Дневник 1953-1994 (журнальный вариант)
6.8.78.
Позавчера мы с Никитой прилетели из Москвы. На “Як-40”.
Надо бы записать кое-какие московские впечатления.
Залыгин мне понравился. В нем нет совсем того, что отталкивает меня более всего: напускной значительности, вельможности. Слушать его было тем более приятно, что в его воспоминаниях и рассказе (а он, надо сказать, разговорился) было мало специально-литературного. То есть он выглядел человеком жизни, а не какой-то избранной касты. Это было и в его внешности, и в его манерах, и в интонациях. Потом я вспомнил, как наблюдал однажды на каком-то семинаре Вадима Кожевникова, и еще вспомнил фотографии, распространенные ныне в литературных газетах, с изображением писателей, заседающих, посещающих, вникающих, рассуждающих и как бы выделенных и отделенных от всех прочих, как правило безымянных, толпящихся, осчастливленных...

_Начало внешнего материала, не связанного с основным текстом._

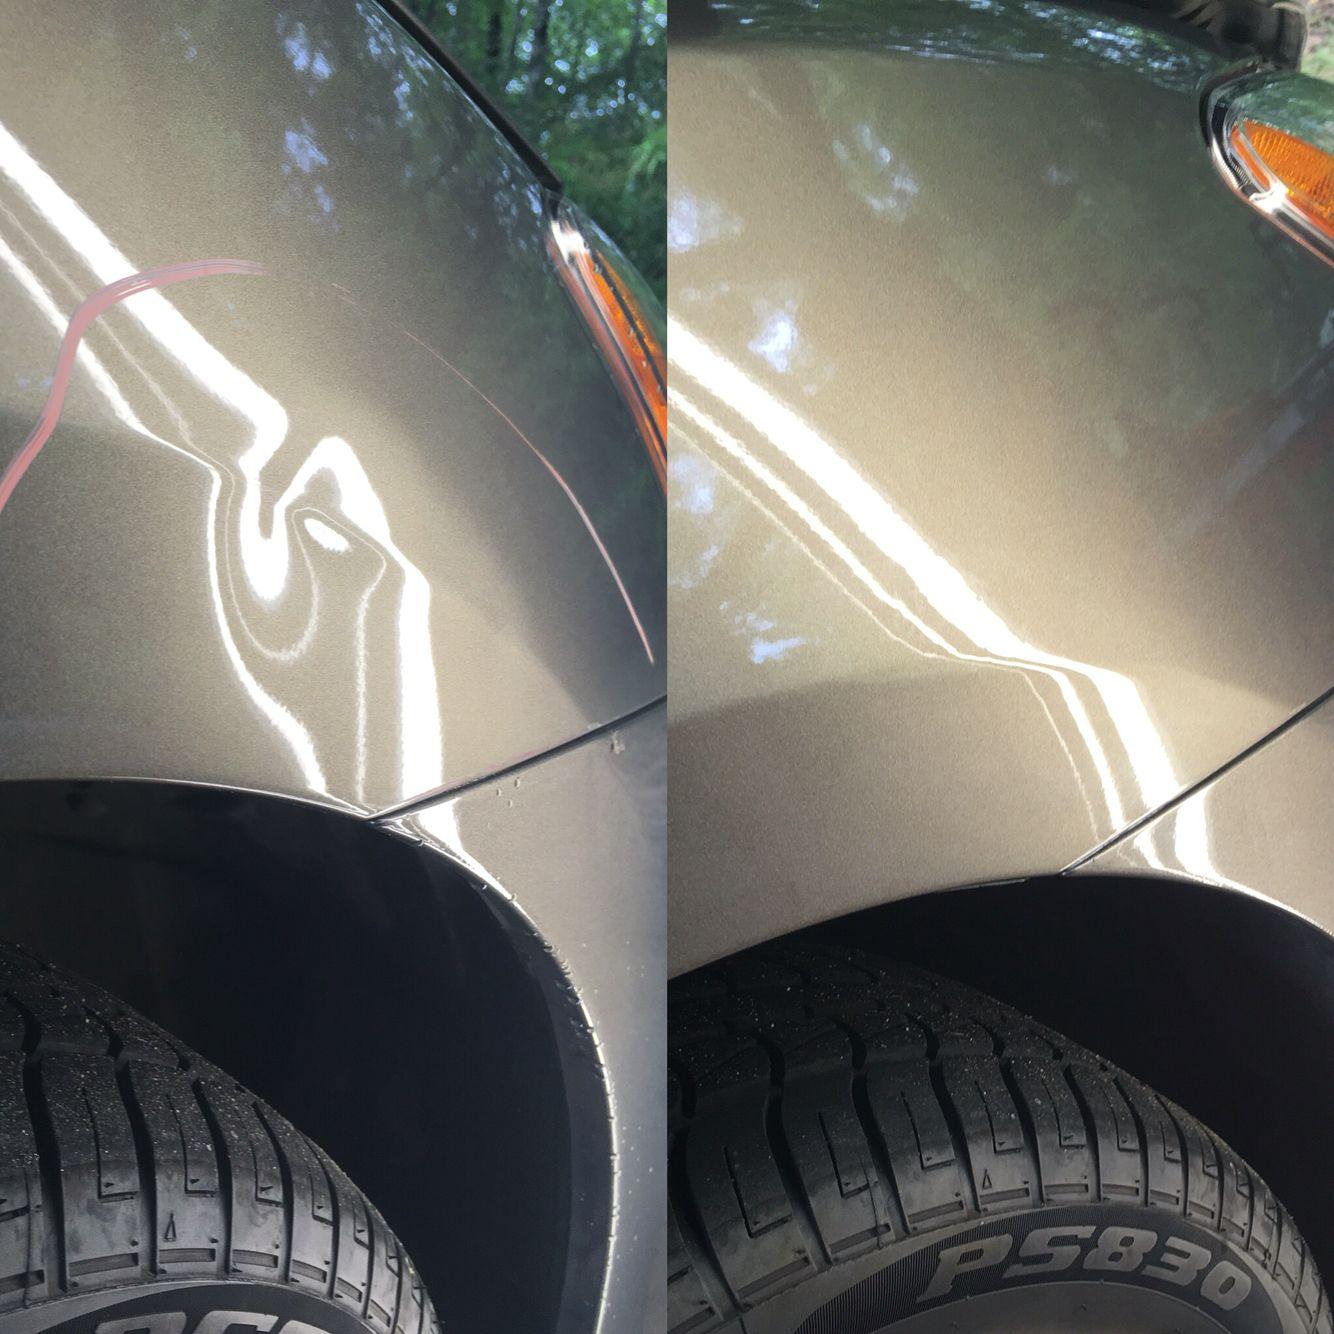 Paintless Dent Repair on a Nissan Sentra rental car turn

Ездили с Оскоцким в Переделкино.
Было пасмурно. От прекрасных сосен, бесконечных заборов и асфальтированных просек исходил стойкий дух привилегированности. Наш социализм без этого духа и не представишь. И культуру его тоже.
Были на могиле Пастернака и К. Чуковского.

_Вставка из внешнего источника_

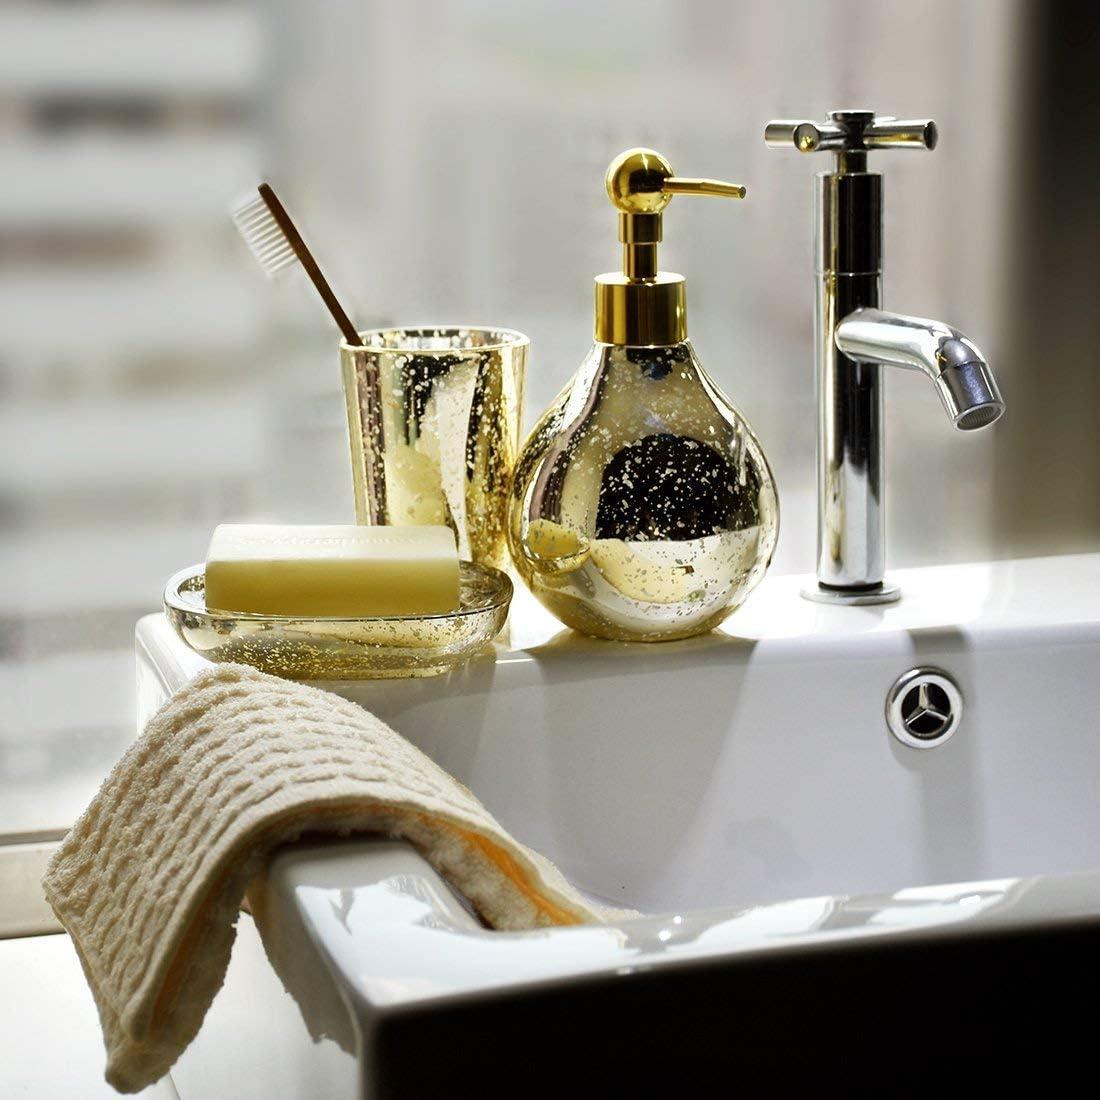 SATU BROWN Bathroom Soap Dispenser Set Shimmering Golden Mosaic Bathroom Tumbler Bathroom Soap Dish for Decor and Housewarming Gift

Неподалеку могилы старых большевиков. Ровные ряды одинаковых надгробий — солдатское кладбище, подумал я тогда. Отсражались, отборолись, отстроились. Этой геометрией для них все закончилось. Они приходили сюда из расположенного поодаль пансионата и привыкали. Некоторые решили напомнить оставшимся и прохожему люду, что они были персональными пенсионерами такого-то значения. Слово “персональный” тоже из социалистического словаря.
Оскоцкие снимают в Переделкине на лето половину дома у какого-то шофера. Это уже вне писательского поселка. Но все-таки рядом, и можно “ездить в Переделкино” после работы. К тому же из Дома творчества привозят обеды.
Переделкино — это пример писательской сосредоточенности не на том и вокруг не того. Сосны прекрасны, участки велики, у каждого свой лес, свой озон, но велика писательская кучность. Однако им нравится, они за эту геометрию боролись, а ты им не завидуешь. Вот Феликс Кузнецов теперь тоже там, “за голубым забором” бывшей дачи Вирты. Он боролся с вдовой Вирты и, конечно, победил.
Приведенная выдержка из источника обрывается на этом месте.